Faith, Unity, Discipline: The ISI of Pakistan by Hein G. Kiessling, Publisher -Harper Collin, October 6, 2016
Sushant Singh scrutinizes the hitherto shady world of Pakistan's secret service, defines by the writer
From the circulation of fake Indian currency notes to arming and training terrorists, the Inter Services Intelligence or ISI of Pakistan is associated in most Indian minds with everything that is ugly about the Pakistani establishment. Not that the current view is any different in Western minds, where the agency has gone from being hailed as an outstanding Cold War ally to a perfidious actor in the post 9/11 era.

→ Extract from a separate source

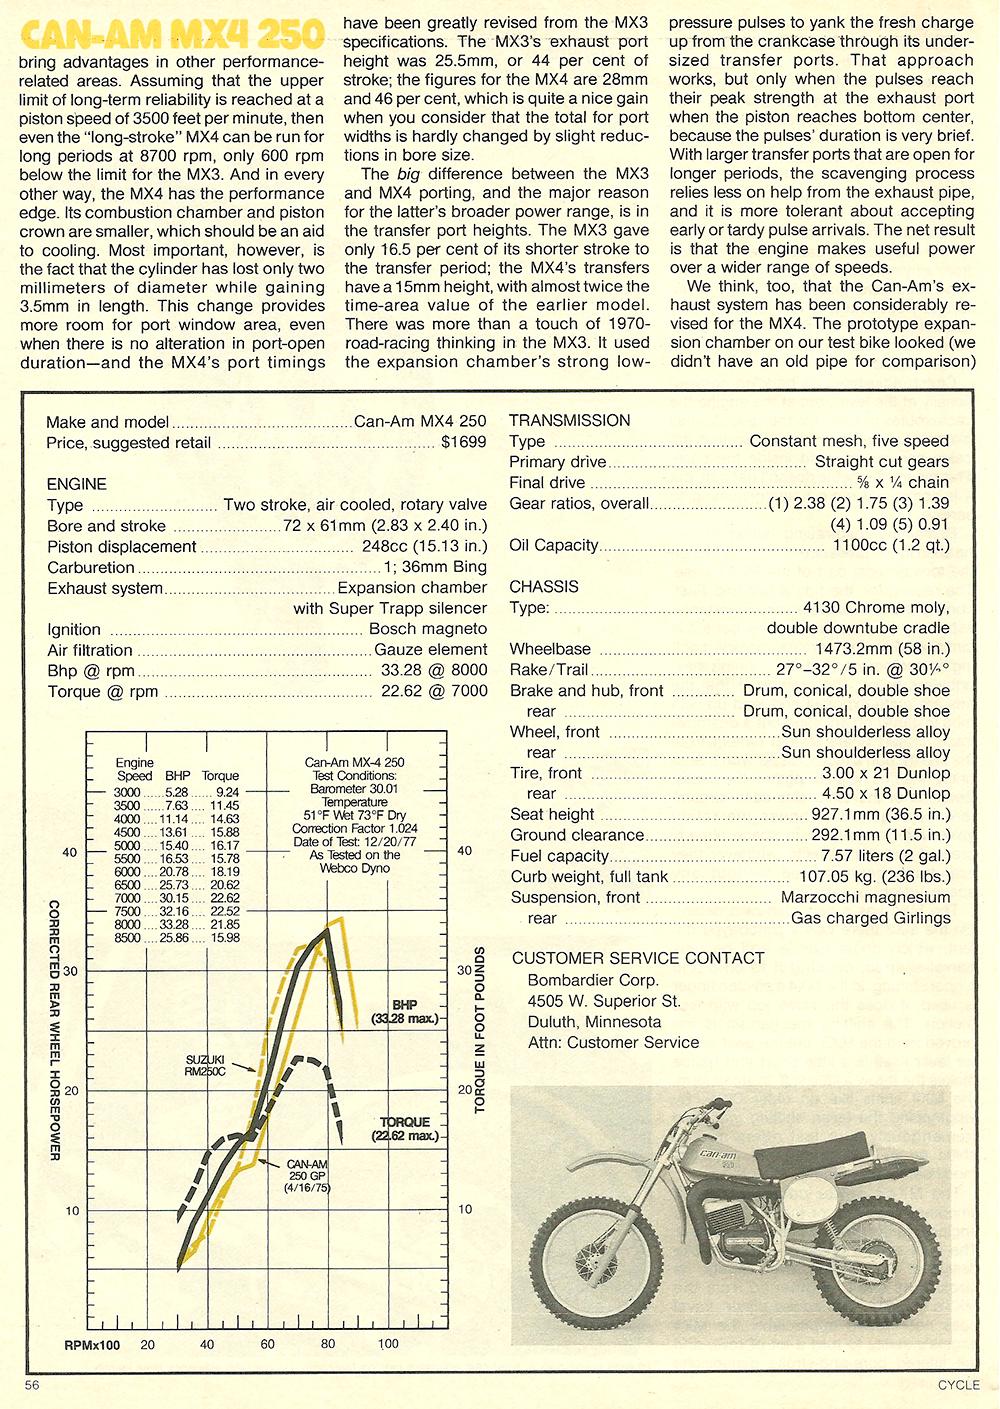 1978 Can-Am MX4 250 road test 5.jpg

Whether these actions are necessary to the functioning of an intelligence agency - as some Pakistani officials suggest - is a moot question, but there is no denying that the ISI remains one of the most important institutions not only in Pakistan or the Indian subcontinent but also in the global war on jihadi terror.
It is thus surprising that no serious, in-depth scholarship about the ISI is publicly available. Hein G. Kiessling's Faith, Unity, Discipline: The ISI of Pakistan fills that gap to a considerable extent. The ISI, it is often forgotten, was established during the 1948 Kashmir War between India and Pakistan by the Melbourne-born British army officer, Major General Walter Joseph Cawthorne.
Contrary to some accounts, the ISI was not modelled after Iran's intelligence service, the SAVAK (set up in 1950), nor was it trained by the SDECE, the French intelligence agency established in 1947. The first training and equipment for the ISI came from the MI6 and the CIA.
Cawthorne's ISI included officials not only from the Pakistan army but also Muslim intelligence personnel from the pre-Partition Intelligence Bureau. These civilian experts formed the backbone of the ISI in the early years, when it had no internal intelligence collection role in Pakistan, except for in the Northern Areas and Pakistan-occupied Kashmir.
By the time Ayub Khan took over the reins of power in 1958, the role of ISI had changed. Internal political intelligence became its focus of activity, which included warning, threatening and, in some cases, even eliminating political personalities opposed to the military administration.
The effect of ISI's meddling in domestic politics took its toll on the professional capabilities of the agency, which became obvious during the 1965 India-Pakistan War. ISI had been given a major responsibility in Operation Gibraltar to instigate the Kashmiris to rise against the Indian rule, but it failed miserably. Its contacts in Kashmir and in India simply went incommunicado and the ISI was blinded politically and militarily.
During the military conflict that followed, the ISI was unable to locate and pinpoint the movement of Indian troops. After the war, Kiessling tells us, Ayub set up a committee under Yahya Khan to enquire into the shortcomings of the intelligence agencies. The report passed most of the blame on to the civilian IB, thereby shielding the military-run ISI - and MI - from criticism.
The ISI's record in the 1971 War was slightly better. It was able to get a lot of information about Indian plans but that came on the back of its failure to read the domestic political scene in East Pakistan. The ISI really came into own, as the book shows in great detail, after the Soviet invasion of Afghanistan in July 1979, when it became the conduit and controller for all financial and military assistance to the Afghan fighters. Although ISI had started creating trouble in Afghanistan during the Bhutto years, the American dream, in President Carter's NSA Zbigniew Brzenisnki's words, "to give the USSR their Vietnam war" played into Pakistan's hands.
India had to bear the brunt of ISI's power in Punjab, as it started actively supporting the Khalistan movement. The Indian agencies responded in kind, most famously, as is believed, by taking off the Ojhri ammunition depot outside Rawalpindi. It was followed by a thaw between the two sides. The heads of ISI and R&AW even met on a couple of occasions to discuss a détente. After the Soviet withdrawal from Afghanistan, the ISI devoted its resources towards fomenting an insurgency in Kashmir, which continues to this day.
The terror strikes seen across India in the last two decades are believed to bear ISI's imprint, which the world was finally convinced of after the 2008 Mumbai terror attacks. Hurt by the global ostracism, the ISI seems to have since taken a less visible role in anti-India operations.
But it is an intelligence agency India and Indians remain wary of. Writing a book about any intelligence agency is a challenge and it becomes manifold in case of a country like Pakistan where the army and the ISI dominate the state and the society.
The book is largely based on open source material and confidential interviews with retired military officials. Kiessling, a political scientist and historian, is helped by the fact that he lived for 13 years in Pakistan and has travelled twice every year to the region since 2004. Those looking for new revelations about the ISI may be disappointed but it remains invaluable as a detailed chronology of the intelligence agency since its formation.